■ INSTRUCTIONS FOR THE TASK
Below are records that contain pictures; transcribe the text exactly and omit the pictures.

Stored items
***
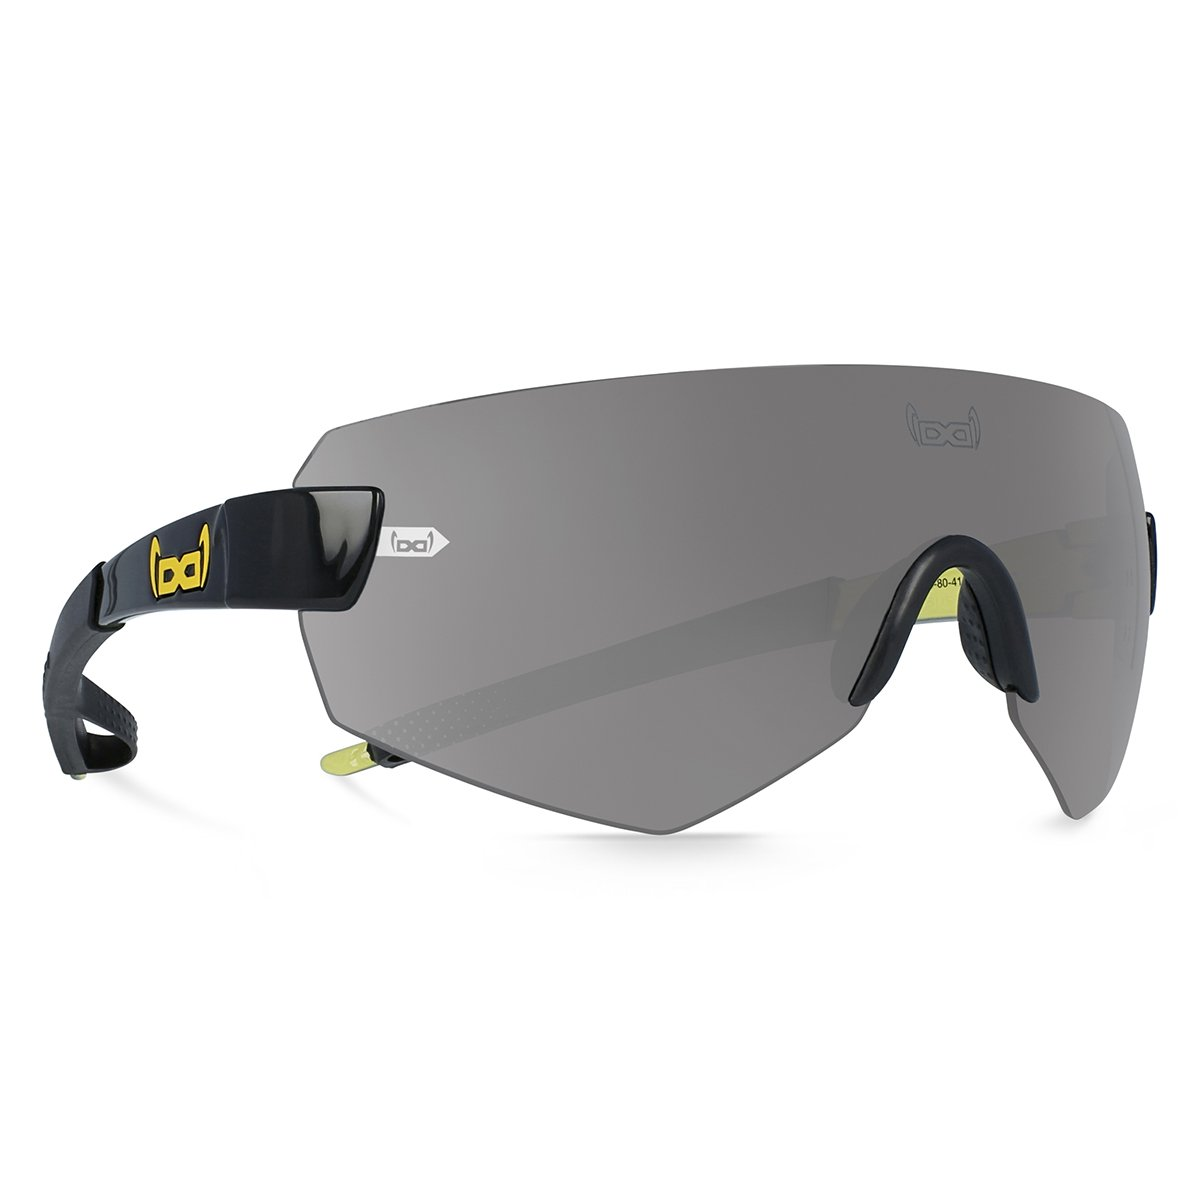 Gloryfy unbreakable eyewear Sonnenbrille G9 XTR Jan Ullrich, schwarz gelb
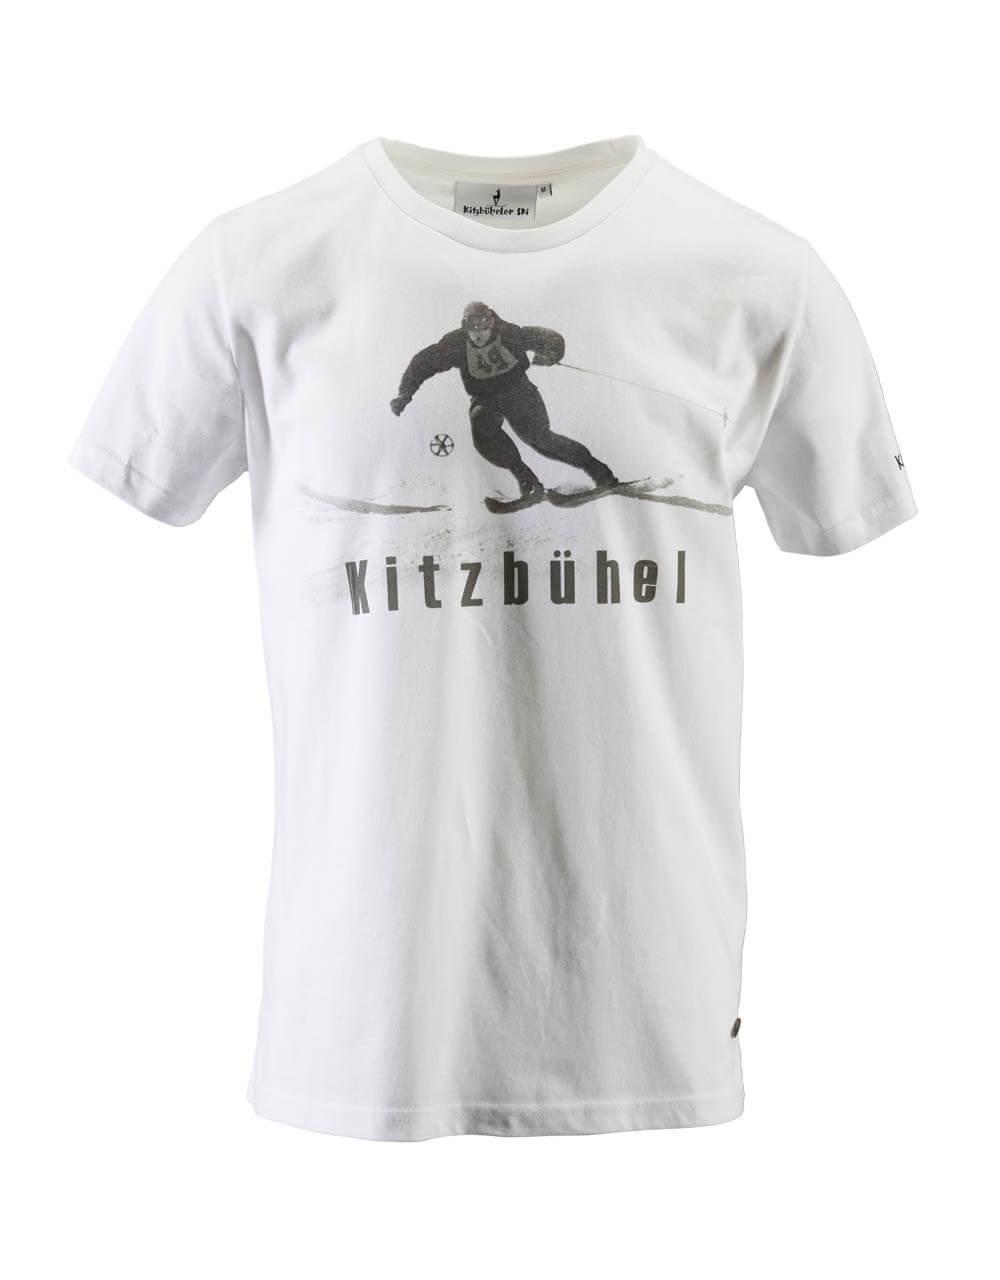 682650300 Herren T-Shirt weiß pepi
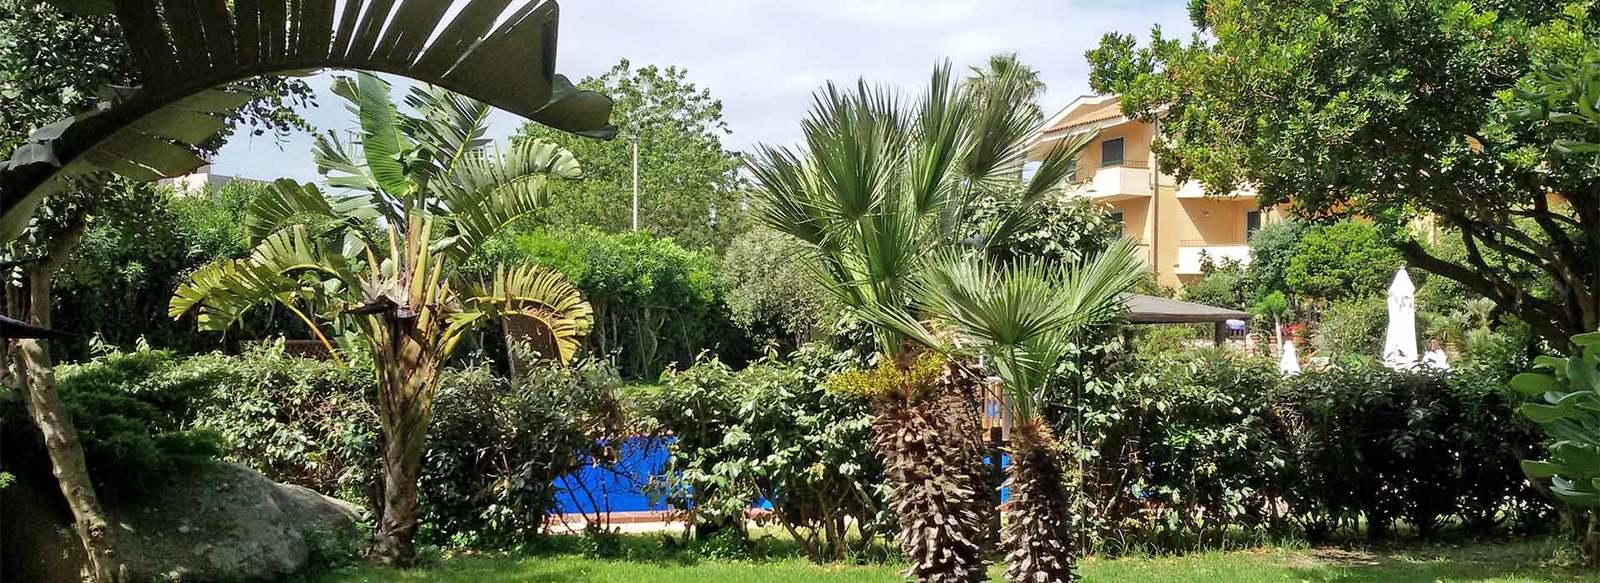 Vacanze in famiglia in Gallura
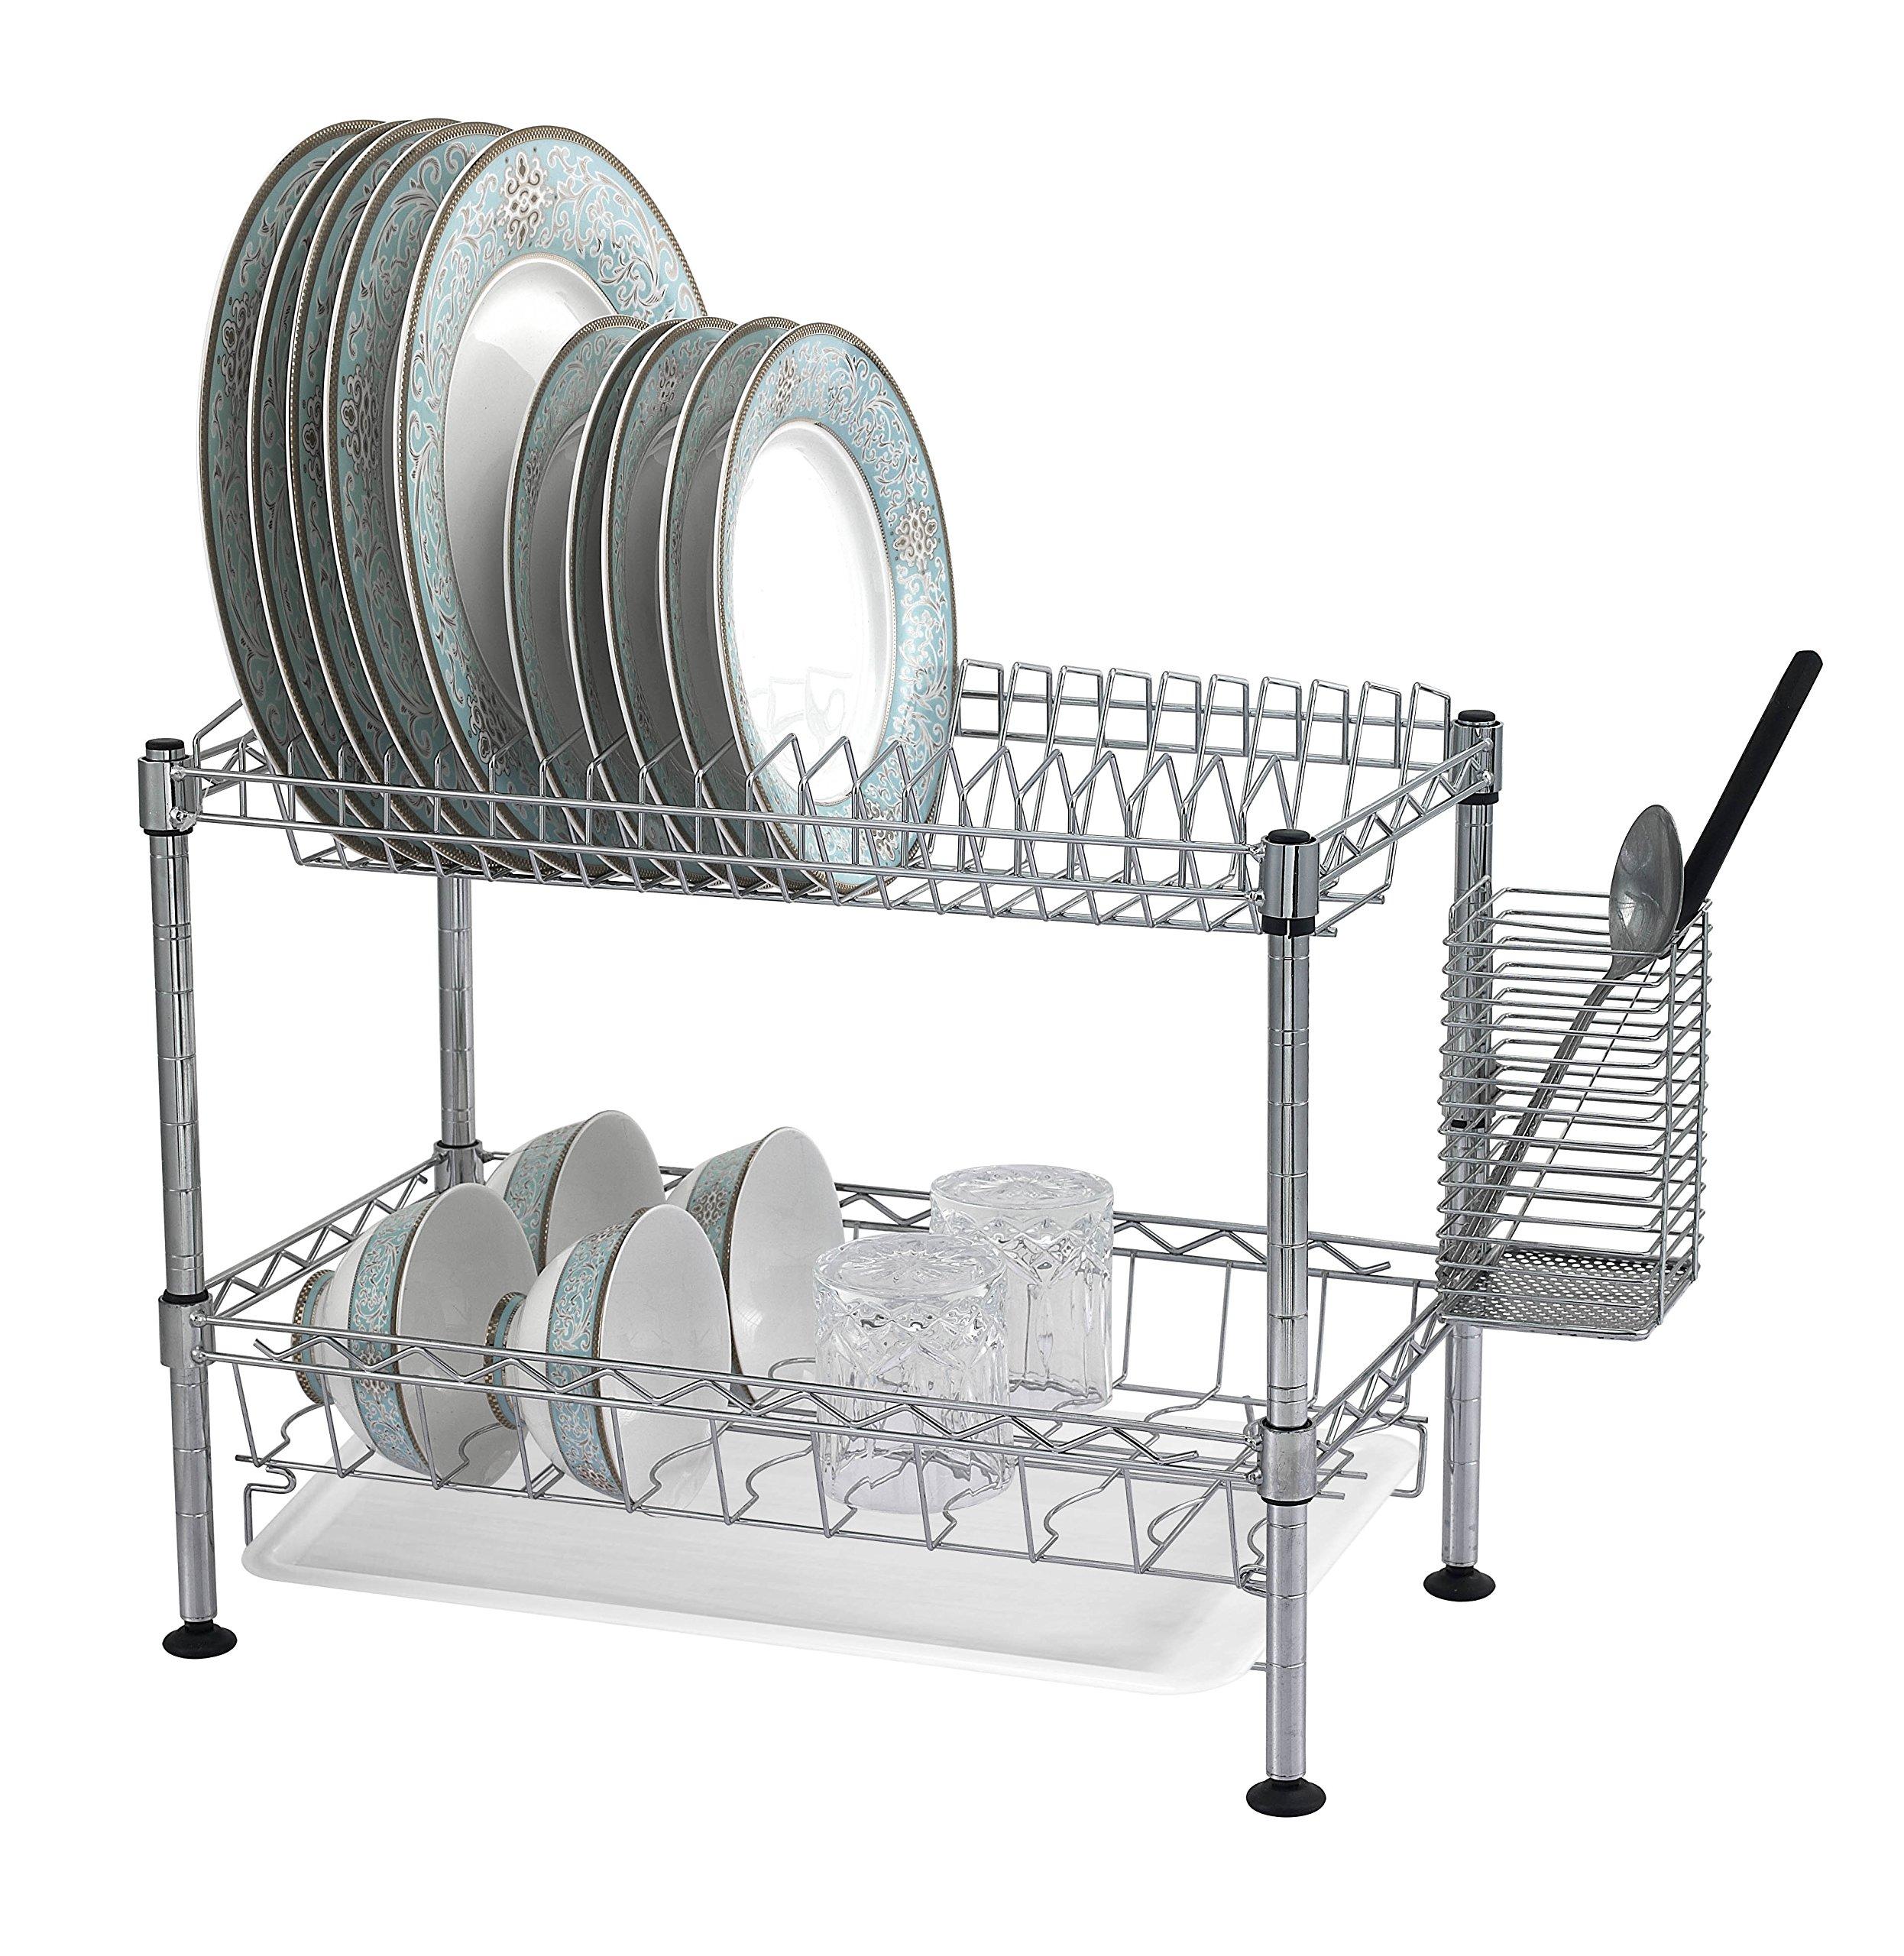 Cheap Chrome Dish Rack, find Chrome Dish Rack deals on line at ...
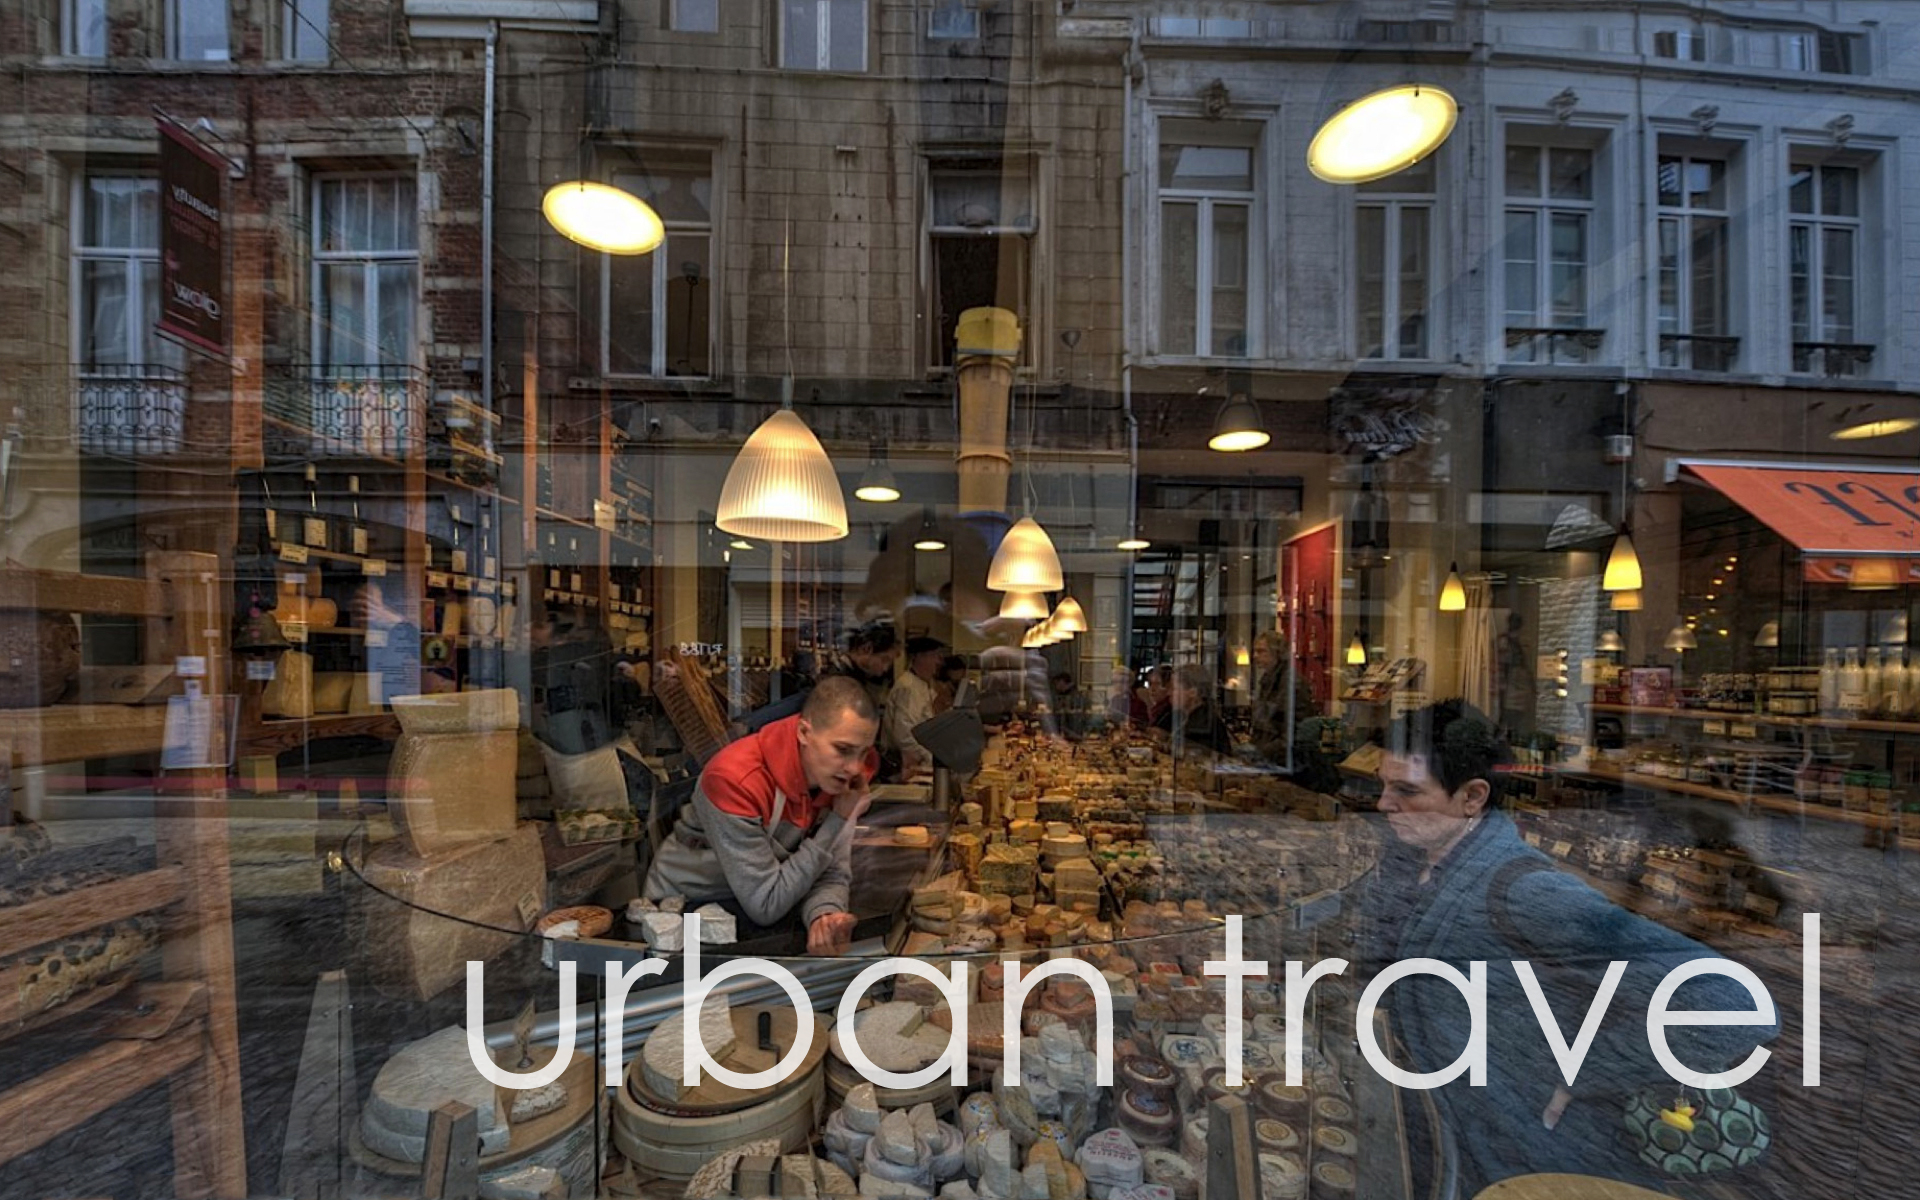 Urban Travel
***
■ ANSWER SPACE
 Gloryfy unbreakable eyewear Sonnenbrille G9 XTR Jan Ullrich, schwarz gelb
 682650300 Herren T-Shirt weiß pepi
 Vacanze in famiglia in Gallura
 Cheap Chrome Dish Rack, find Chrome Dish Rack deals on line at ...
 Urban Travel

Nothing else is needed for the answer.